The EM algorithm for the marginal Nelson-Aalen estimate took longer to converge for mass-action models than for network-based models, despite the greater tolerance. For models with exponential contact intervals, the maximum number of iterations required was 19. For Weibull(2, 1) contact intervals, the maximum was 29. For Weibull(.5, 5) contact intervals, the maximum was 32. Table 2 shows coverage probabilities and exact 95% confidence intervals for the Nelson-Aalen, marginal Nelson-Aalen, Kaplan-Meier, and marginal Kaplan-Meier estimators in models with Weibull(.5, 5) and Weibull(2, 1) normalized contact interval distributions. Coverage probabilities for the Nelson-Aalen and Kaplan-Meier estimators were close to .95 across the range of available data for both models. In contrast, the marginal Nelson-Aalen and Kaplan-Meier estimators were spectacular failures. In the model with exponential normalized contact interval distributions, coverage probabilities for Nelson-Aalen and Kaplan-Meier estimators were all above .93 and coverage probabilities for the marginal Nelson-Aalen and Kaplan-Meier estimators were all above .99. Figures 3 and 4 show good agreement between the estimated and true survival and cumulative hazard functions when who-infected-whom is observed (left) but poor agreement when who-infected-whom is not observed (right). The dashed lines and clouds of points have the same interpretation as in Figures 1 and 2 .
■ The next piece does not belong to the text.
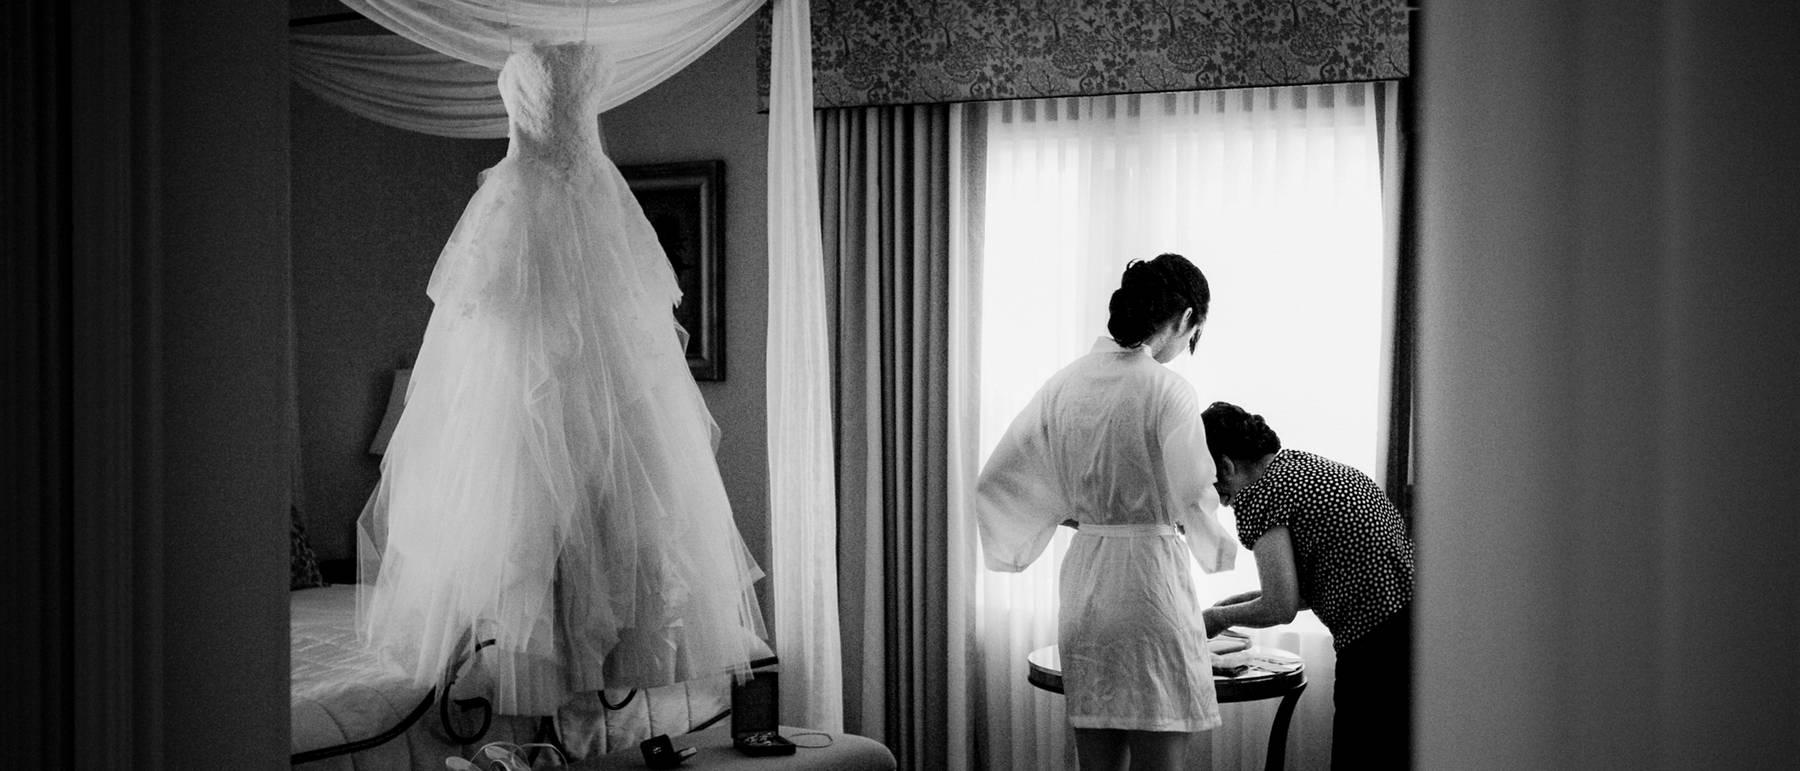 johnandjoseph-wedding-photographer-hz-slider-341

The number of possible infectors for each infection is much, much larger in a massaction model than in a network-based model. It seems likely that the EM algorithm cannot usefully assign probabilities to the possible infectors of each infected person because the asymptotic approximation to the marginal Nelson-Aalen estimate is not sufficiently precise and because of limited numerical precision. In the case of exponential contact intervals, the initial step of the EM algorithm correctly guesses that all possible infectors are equally likely to have been the source of infection, so the EM algorithm converges. The large coverage probabilities suggest that the variance approximation from equation (54) overestimates the true variance.

In this section, we use the marginal Nelson-Aalen estimator to analyze pandemic influenza A(H1N1) (pH1N1) surveillance data collected by the Los Angeles County Department of Public Health between April 22 and May 19, 2009. The data was collected according to the following protocol :

(a) Individuals who presented to healthcare providers or the county health department with acute febrile respiratory illness (AFRI, defined as fever ≥ 100 • F plus cough, sore throat, or runny nose) had nasopharyngeal swabs and aspirates tested for pandemic influenza A(H1N1). Those who tested positive are the index cases. (b) The index cases were interviewed by telephone and asked to report AFRI episodes among household contacts, including the dates of illness onset. Additional AFRI episodes among household contacts were ascertained during follow-up interviews 14 days after the illness onset of the index case. All cases of AFRI in the household after 10 days prior to symptom onset in the index case were assumed to be pH1N1 cases.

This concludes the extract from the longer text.